1942: Battle of Los Angeles
A large number of unexplained lights in the sky are spotted over Los Angeles, resulting in five civilian deaths from panic. The 37th Coast Artillery Brigade fires 1400 rounds over the course of 90 minutes into the sky over Los Angeles. The Army later attributes the lights to reflections from a lost weather balloon.
1947: Maury Island Incident
Three fishermen report seeing unusual aircraft hovering over Puget Sound, Washington they can't identify, one of which ejects a slag-like debris that lands on - and kills - their dog. They report some pieces of debris also landed on a nearby beach. Police recover several fragments and contact the Fourth Air Force which sends a B-25 from California with a crew to take possession of the debris. The B-25 crashes deep in the forest en route back to California, killing all aboard. The FBI investigates the matter and says the purported siting was a hoax concocted by the fishermen. One of the fishermen later claims he was contacted by men dressed all in black and driving a black car who asked him not to talk about his experiences.
1947: Roswell Incident
The Roswell Army Air Base public information office issues a press release stating they've captured a "flying disc" that had crashed near Roswell Army Air Field, at the time the only location of nuclear weapons in the world. The following day, Lt. Col. Jesse Marcel holds a press conference saying they were mistaken and it was actually just a weather balloon. Thirty years later, after he retired, Marcel retracts his statement, saying he had been ordered by the base commander to claim it was a weather balloon but he actually believes the debris was extraterrestrial.

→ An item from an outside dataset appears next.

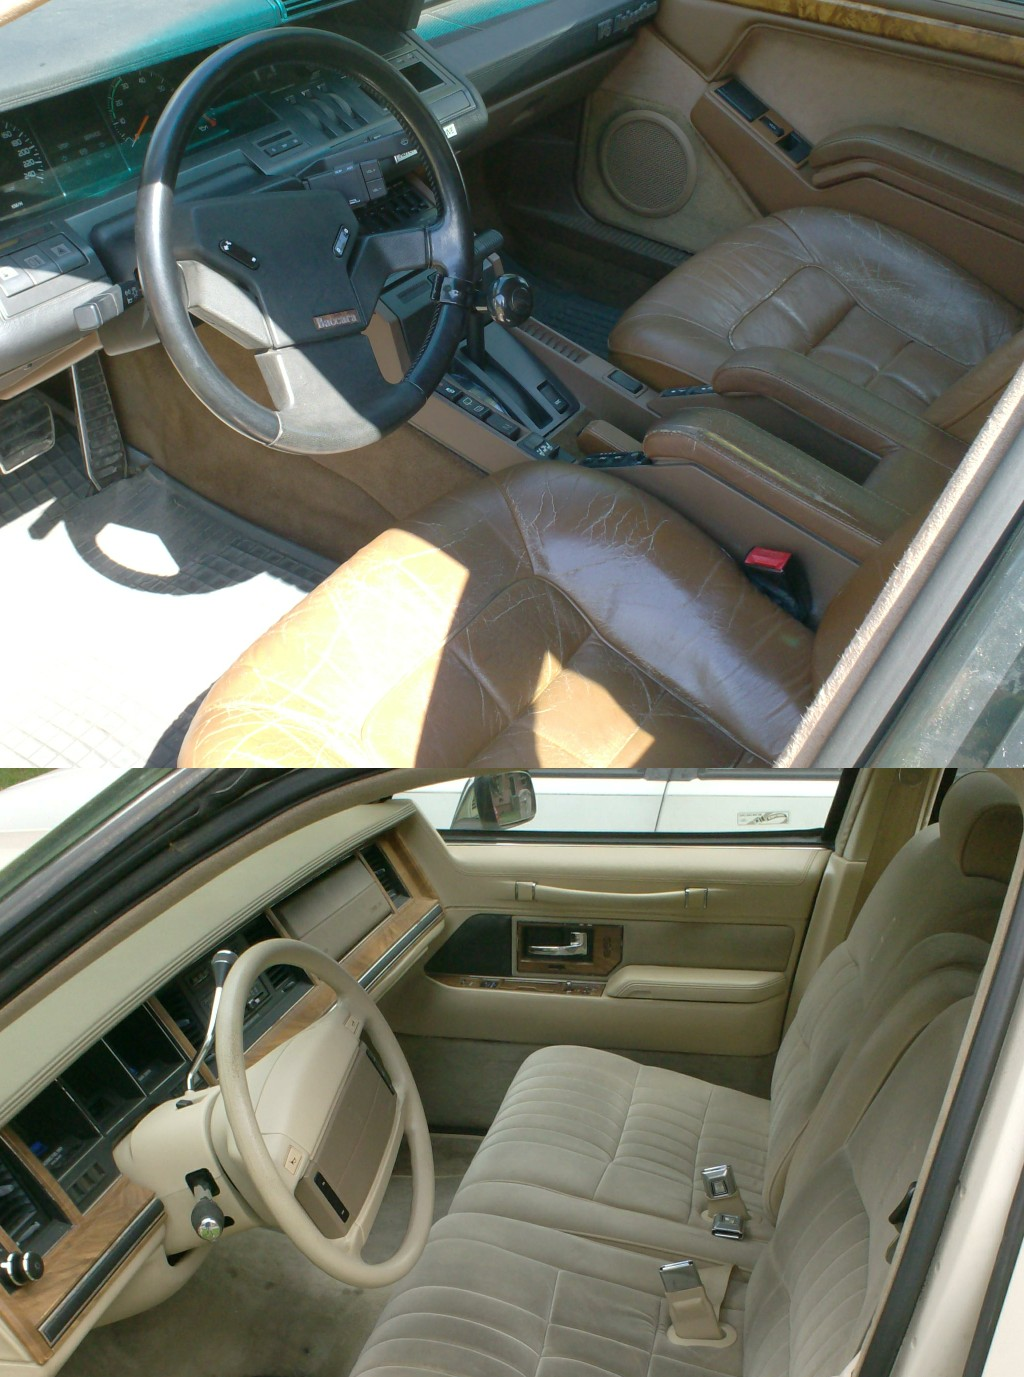 RENAULT 25 interior
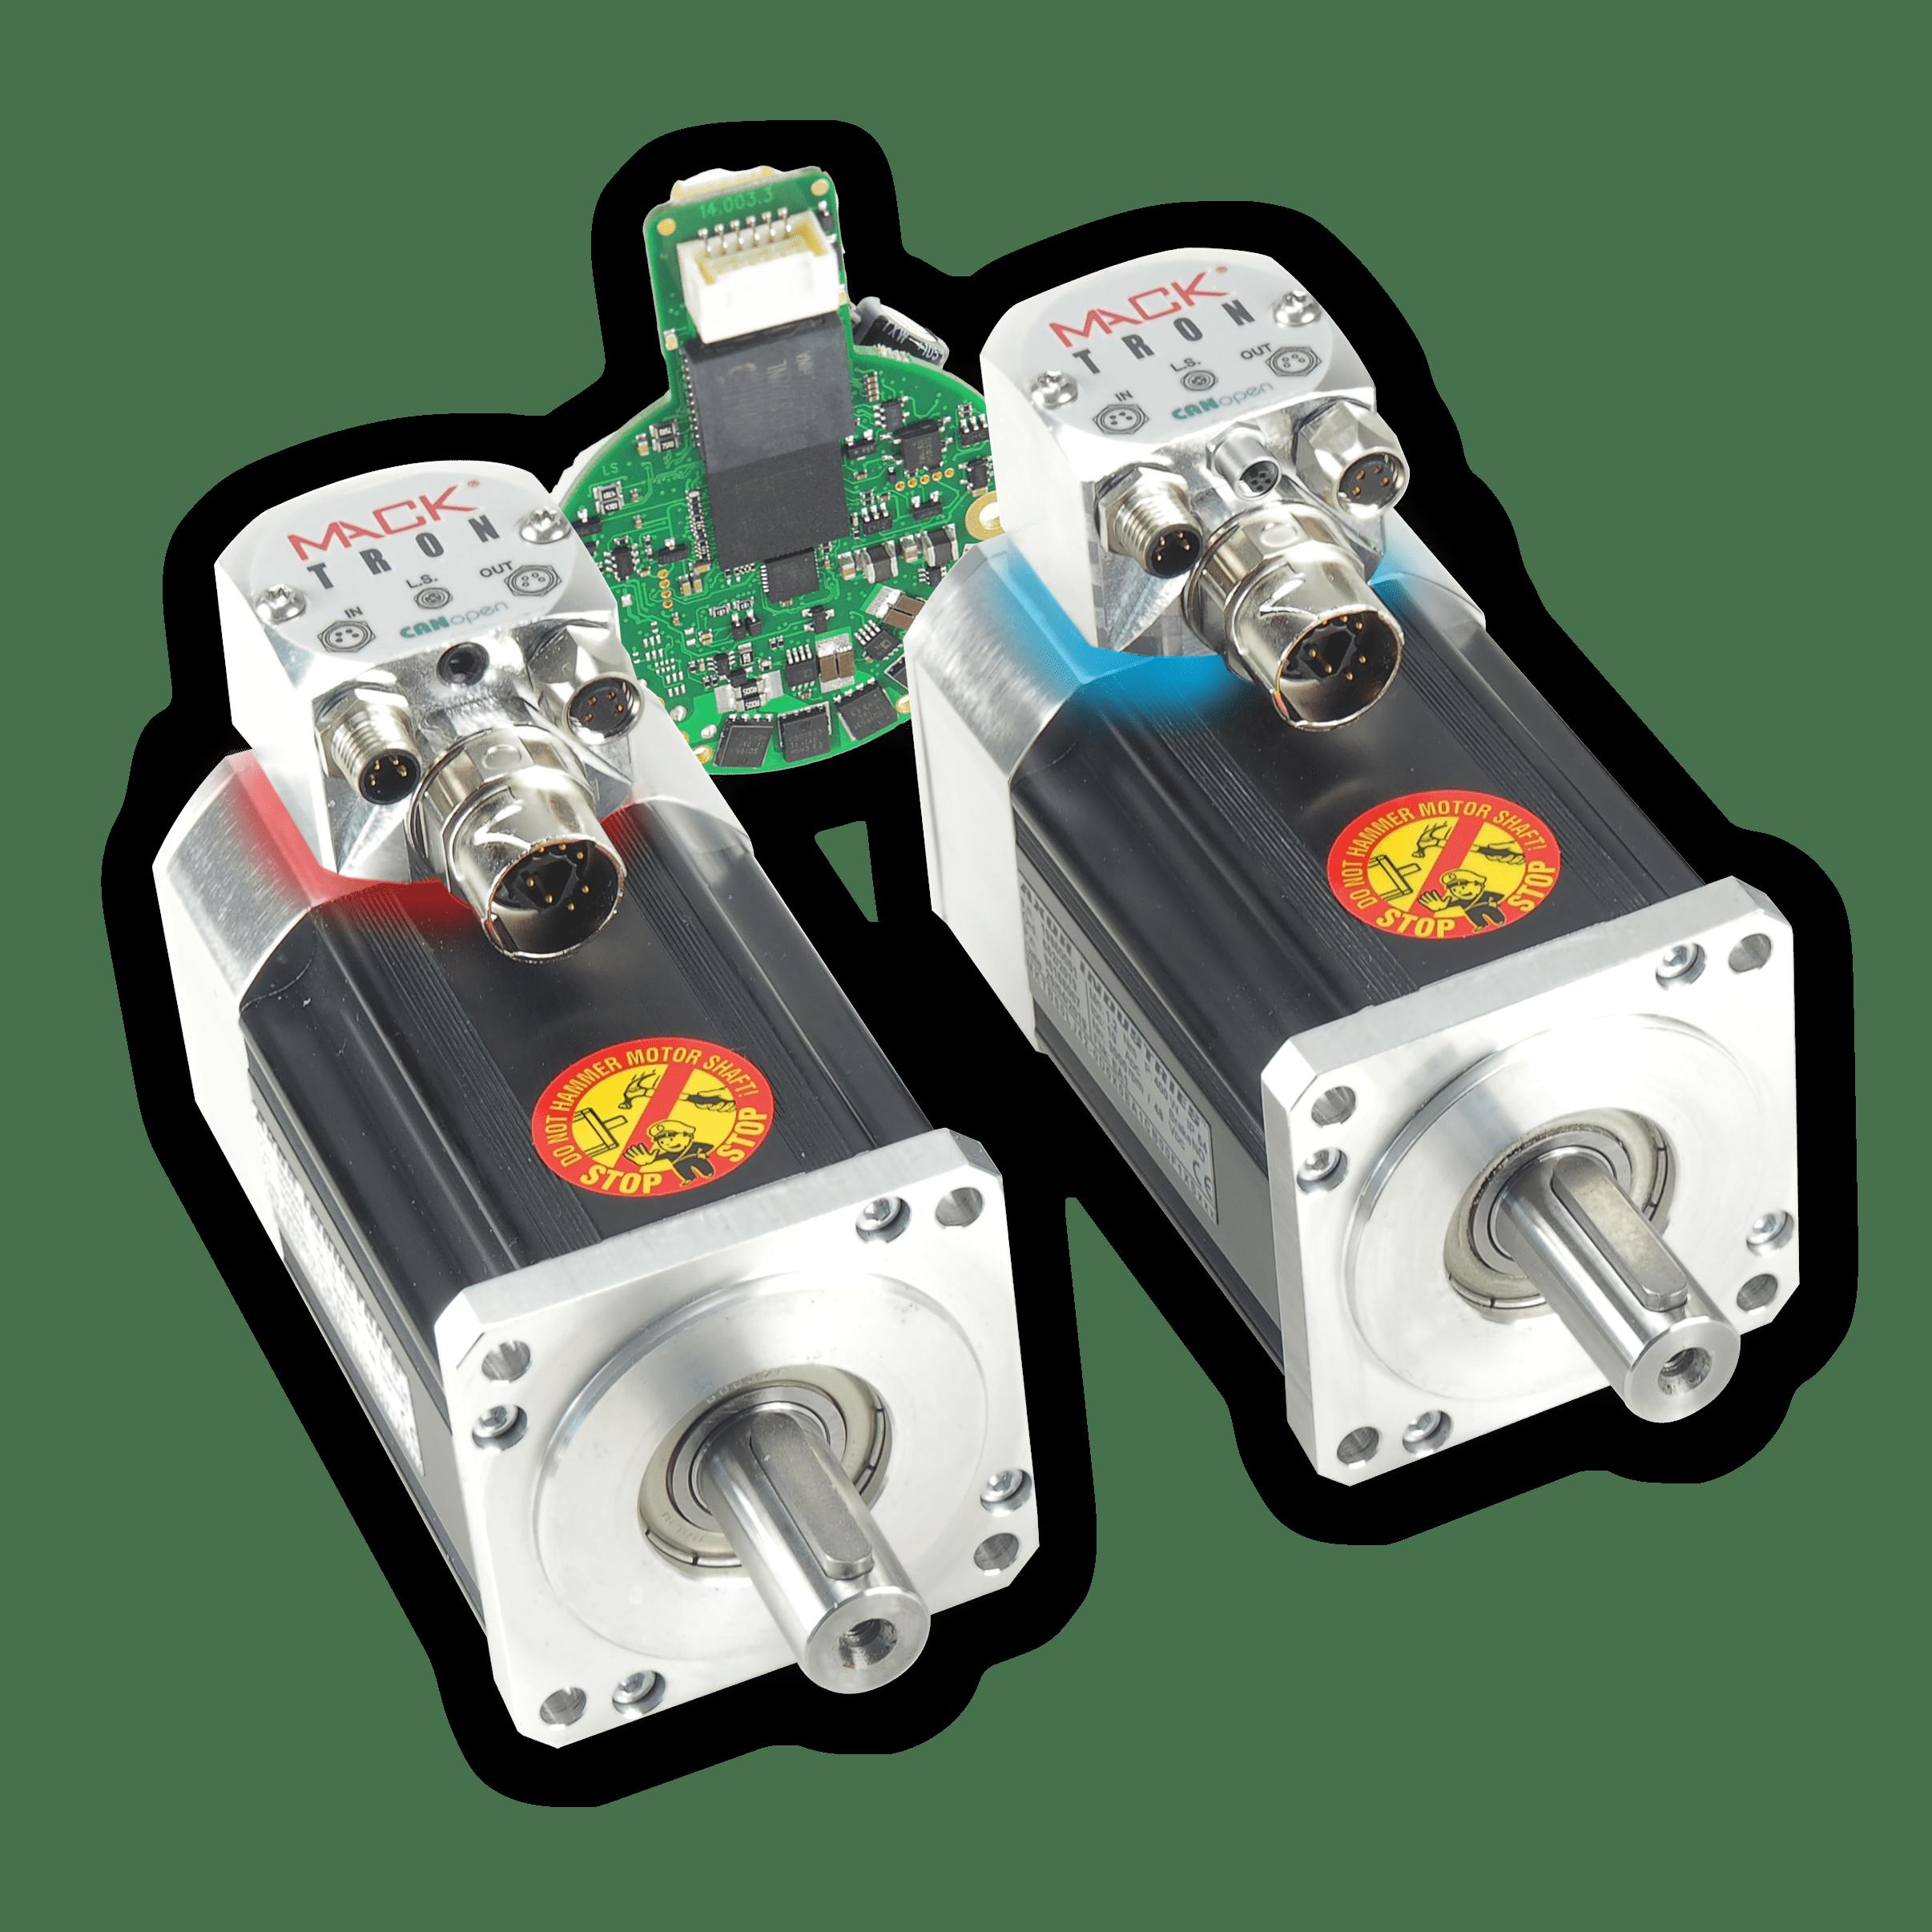 integratedservomotors-1

1968: Wright Patterson rumors
In a 1988 statement, Senator Barry Goldwater says that, in the 1960s, he asked SAC commander Gen. Curtis LeMay if the rumors of recovered ET bodies from the Roswell crash are true, if they were being held in a morgue at Wright-Patterson Air Force Base, and if so if he could visit the morgue. He claims LeMay said “Not only can’t you get into it, but don’t you ever fucking mention it to me again.”
1960s-1980s: ICBM Stalking
In 2010, Robert Hastings, a former USAF missileman, claims that once, while he was stationed at a Minuteman Missile Silo in the 1980s, several unusual aircraft appeared and hovered near it coinciding with a power outage at the silo. He says a security team arrived and opened fire at the aircraft which withdrew. He provides an affidavit from Larry Manross, the retired missile launch commander at Minot AFB, who substantiates the claim. Robert Salas, another former missileman, says he experienced a similar occurrence in 1967 at an ICBM field outside Malmstrom Air Force Base in Montana.
1980s
Paul Bennewitz, an electrical engineer and Coast Guard veteran, runs a business selling specialized sensors to Sandia National Laboratory. He becomes convinced he has seen UFOs near Kirtland Air Force Base from his home near the base and begins talking about it. In the 2000s, Richard Doty - a retired U.S. Air Force OSI special agent who had been posted to KAFB at the time - says that OSI believed Bennewitz had witnessed tests of a classified and experimental system. To keep it covered up, they contacted Bennewitz and helped him believe he was seeing UFOs controlled by ETs by feeding him false documents. Doty's claims are later reinforced with declassified FOIA documents. Bennewitz, being fed with increasingly crazy claims by the Air Force, becomes obsessed with the idea of an imminent alien invasion, has a mental breakdown, and is sent to a mental institution. The government later settles with the family out of court.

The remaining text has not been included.